Abstract
68Ga is a promising emerging radionuclide for positron emission tomography (PET). It is produced using a 68Ge/68Ga-generator, and thus, would enable the cyclotron-independent distribution of PET. However, new 68Ga-labeled radiopharmaceuticals that can replace 18F-labeled agents like [18F]fluorodeoxyglucose (FDG) are needed. Most of the 68Ga-labeled derivatives currently used are peptide agents, but the developments of other agents, such as amino acid derivatives, nitroimidazole derivatives, and glycosylated human serum albumin, are being actively pursued in many laboratories. Thus, appearance of new 68Ga-labeled radiopharmaceuticals with high impact are expected in the near future. Here, we present an overview of 68Ga-labeled agents in terms of their clinical significances and relevances to the management of certain tumors, and pertinent pre-clinical developments.
Keywords: Gallium-68, PET, Peptide, DOTA, NOTA, BAPEN, MSA, Ga-68
Introduction
The introduction of 68Ga positron emission tomography (PET) to clinical practice represents a developmental milestone in the functional and metabolic imaging fields, and was facilitated by the cyclotron-independent availability of 68Ga, enabled by the use of the 68Ge/68Ga radionuclide generator system [1, 2]. 68Ga is an excellent positron emitter. It has the characteristics of low photon emission (1,077 keV, 3.22%) and 89% positron branching [3]. Recent studies have shown that some 68Ga-labeled peptides exhibited distinctly better images than their 111In-labeled analogues [4–6] and than 18F-based radiotracers [7]. Unlike other PET radioisotopes, like 18F or 11C, ionic Ga3+ cannot be bound covalently to targeting vectors but must be conjugated to a target vector using a bifunctional chelating agent (BCA). Nevertheless, the labeling can be done just prior to diagnostic examinations, rapidly with minimum loss of radioactivity. The only stable chemical form of Ga in solution at physiological conditions is Ga3+, and this ion can form stable complexes with chelators that are either free or conjugated with macromolecules or small organic molecules [8].

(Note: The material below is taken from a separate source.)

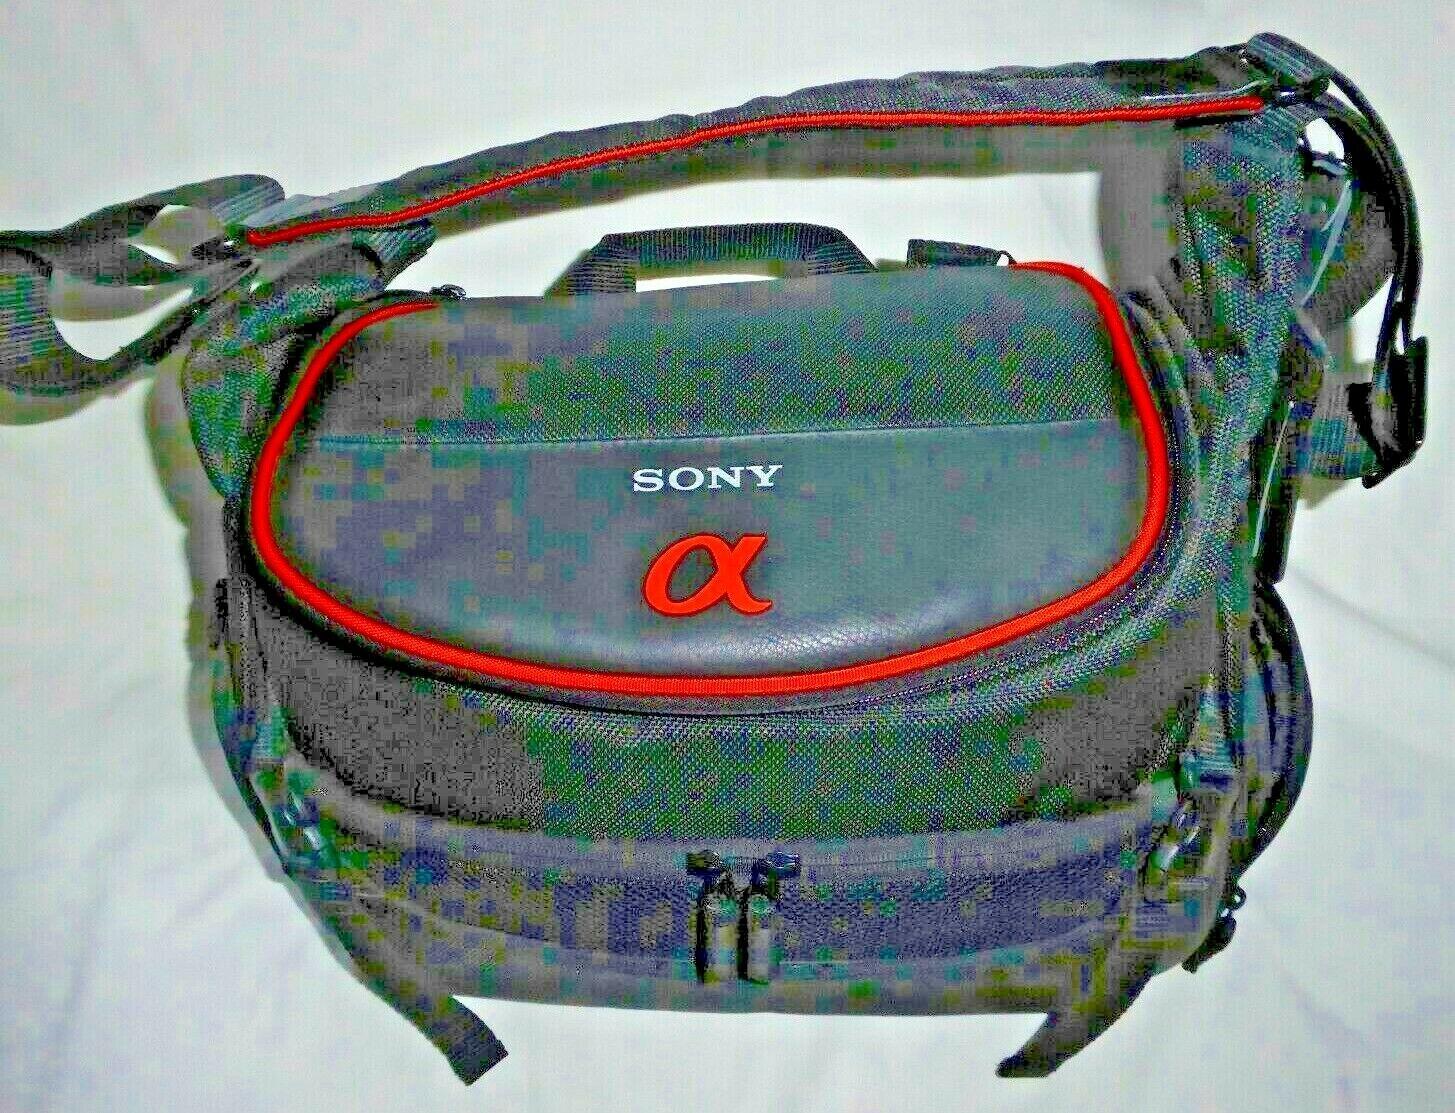 Sony LCS-AMSC30 Gadget Bag Shoulder Bag

There are two requirements for using gallium complexes as radiopharmaceuticals: (1) they should be resistant to hydrolysis (the formation of complexes with OH-) and (2) they should be more stable than the Ga(III)–transferrin complex, and thus, the labeled gallium complex must be stabile in the presence of transferrin—a plasma protein. The large formation constant of Ga(III)–transferrin (log K = 20.3) [9] and the high plasma concentration of this protein (0.25 g/100 ml) favor the thermodynamic exchange of Ga(III) complexes with transferrin in vivo, and thus, the majority of radioactive gallium complexes used as radiopharmaceuticals have high thermodynamic and kinetic stabilities.
Various 68Ga-labeled radiopharmaceuticals have been developed by conjugating BCAs to peptides, proteins, or small biological molecules via active esters, isothiocyanates, maleimides, hydrazides, or haloamides. 68Ga-1,4,7,10-tetra-azacyclododecane-1,4,7,10-tetraacetic acid–Tyr3-octreotide (DOTA-TOC), 68Ga-DOTA-1-Nal-octreotide (DOTA-NOC), 68Ga-DOTA-bombesin, 68Ga-1,4,7-triazacyclononanetriacetic acid (NOTA)-RGD, 68Ga-DOTA-albumin, and 68Ga-DOTA-human epidermal growth factor (hEGF) are examples of such agents (Fig. 1) [8, 10–15]. Similarly, some agents, such as 68Ga–[(4,6-MeO2sal)2BAPEN]+ and 68Ga-N2S2, are chelates of radioactive gallium and used for myocardial imaging [16–18].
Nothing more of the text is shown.